6.2 Critical Test Cases

  1. Two threads acquire one connection with timeout.
  2. Release after shutdown returns error.
  3. Dead connection replaced correctly.

6.3 Test Data

threads=4, pool=2, timeout=200ms

7. Common Pitfalls & Debugging

7.1 Frequent Mistakes

| Pitfall | Symptom | Solution | |——–|———|———-| | Missing signal | Threads hang | Signal after release | | Incorrect counts | Invariant broken | Add asserts after mutation | | Unsafe shutdown | Use-after-close | DRAINING state enforcement |

7.2 Debugging Strategies

  • Log pool state transitions and counts.
  • Add thread IDs to acquire/release logs.

7.3 Performance Traps

Excessive locking can reduce throughput; keep critical sections minimal.

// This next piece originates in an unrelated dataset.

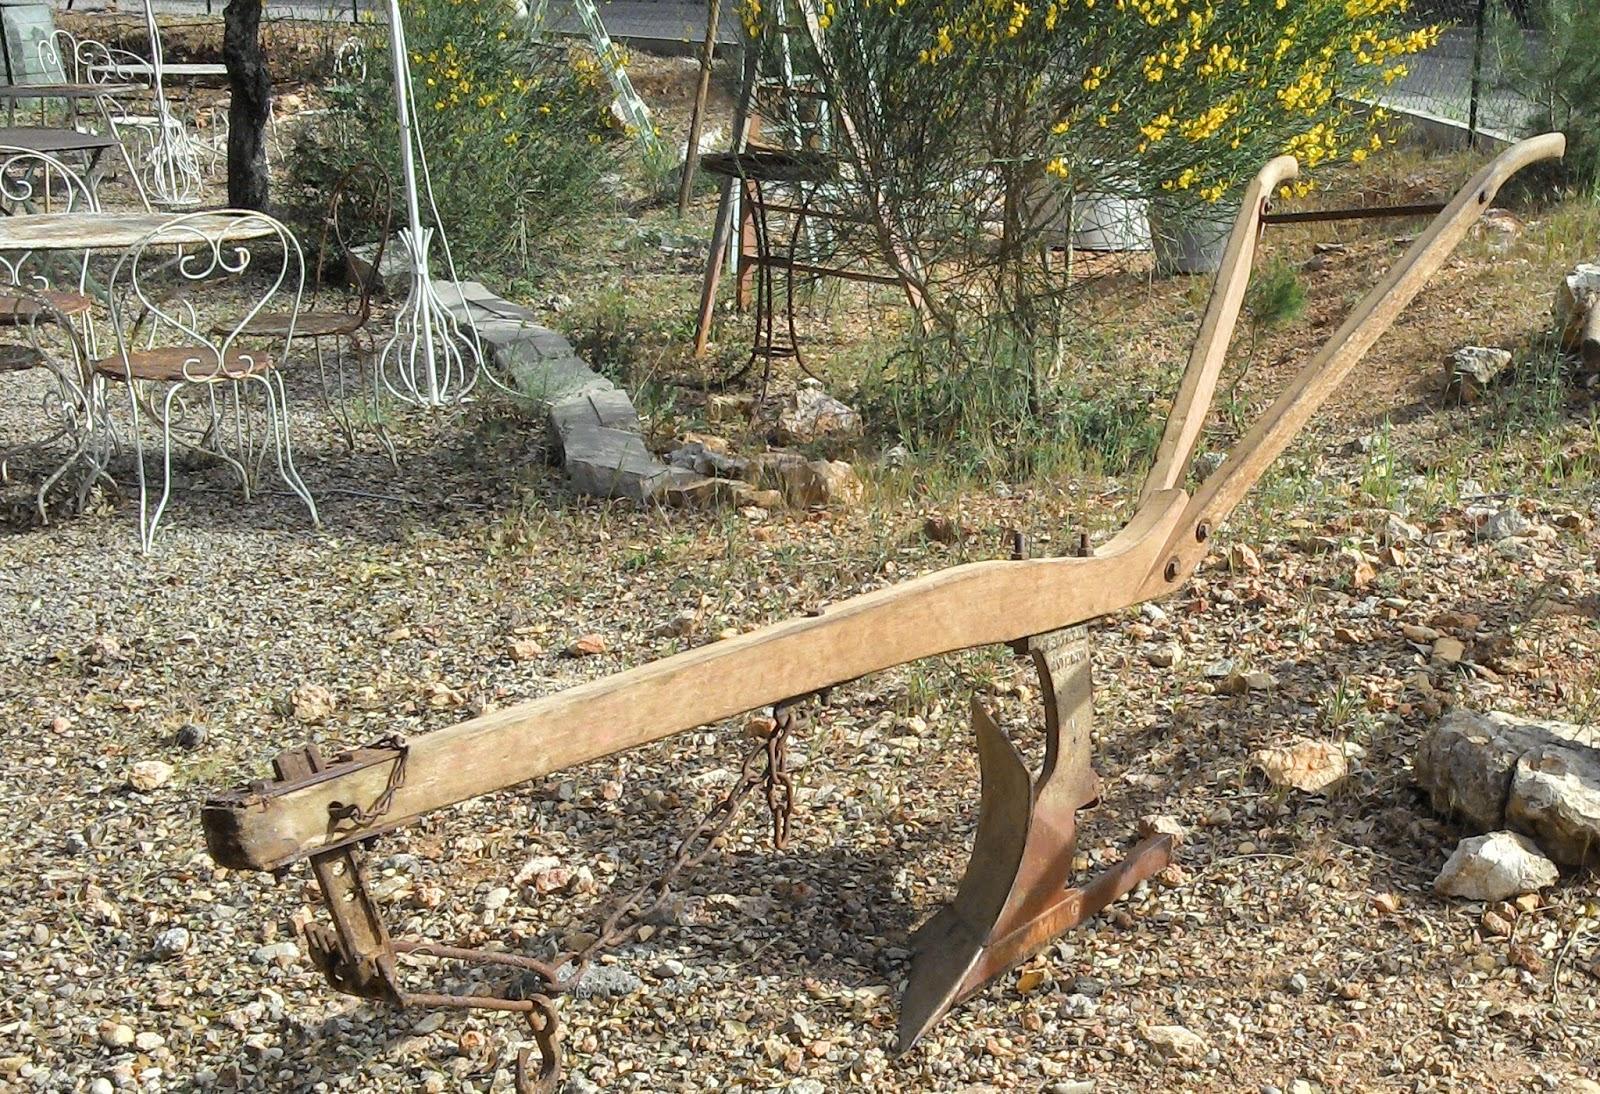 Ancienne charrue art populaire déco jardin provençal campagne ...

8. Extensions & Challenges

8.1 Beginner Extensions

  • Add metrics export (free/in-use counts).
  • Add connection idle timeout.

8.2 Intermediate Extensions

  • Dynamic pool resizing with max/min limits.
  • Per-thread connection affinity.

8.3 Advanced Extensions

  • Integrate with a real DB client library.
  • Implement circuit breaker behavior on repeated failures.

9. Real-World Connections

9.1 Industry Applications

  • Database pools in web servers
  • Service discovery clients with connection reuse
  • HikariCP (Java)
  • pgbouncer (PostgreSQL connection pool)

9.3 Interview Relevance

  • Concurrency, resource lifecycle, and fairness are common system design topics.

10. Resources

10.1 Essential Reading

  • “Programming with POSIX Threads” by Butenhof
  • “The Linux Programming Interface” by Kerrisk

10.2 Video Resources

  • Concurrency and condition variable tutorials

10.3 Tools & Documentation

  • pthread manpages

11. Self-Assessment Checklist

11.1 Understanding

  • I can state the pool invariants clearly.
  • I can explain timed waits and spurious wakeups.
  • I can explain how validation prevents reuse of dead connections.

11.2 Implementation

  • All functional requirements are met.
  • All tests pass under concurrency.
  • No leaks or double-releases.

11.3 Growth

  • I can reason about fairness trade-offs.
  • I can explain pool shutdown semantics.

12. Submission / Completion Criteria

Minimum Viable Completion:

  • Acquire/release works with invariants.
  • Timeout returns deterministic error.

Full Completion:

  • Fair wait queue, health checks, and shutdown semantics.

Excellence (Going Above & Beyond):

  • Dynamic resizing and circuit breaker logic.

13. Additional Content Rules (Compliance)

  • Deterministic demo provided in §3.7.
  • Failure demo with exit codes included.
  • Cross-links included in §2.1 and §2.2.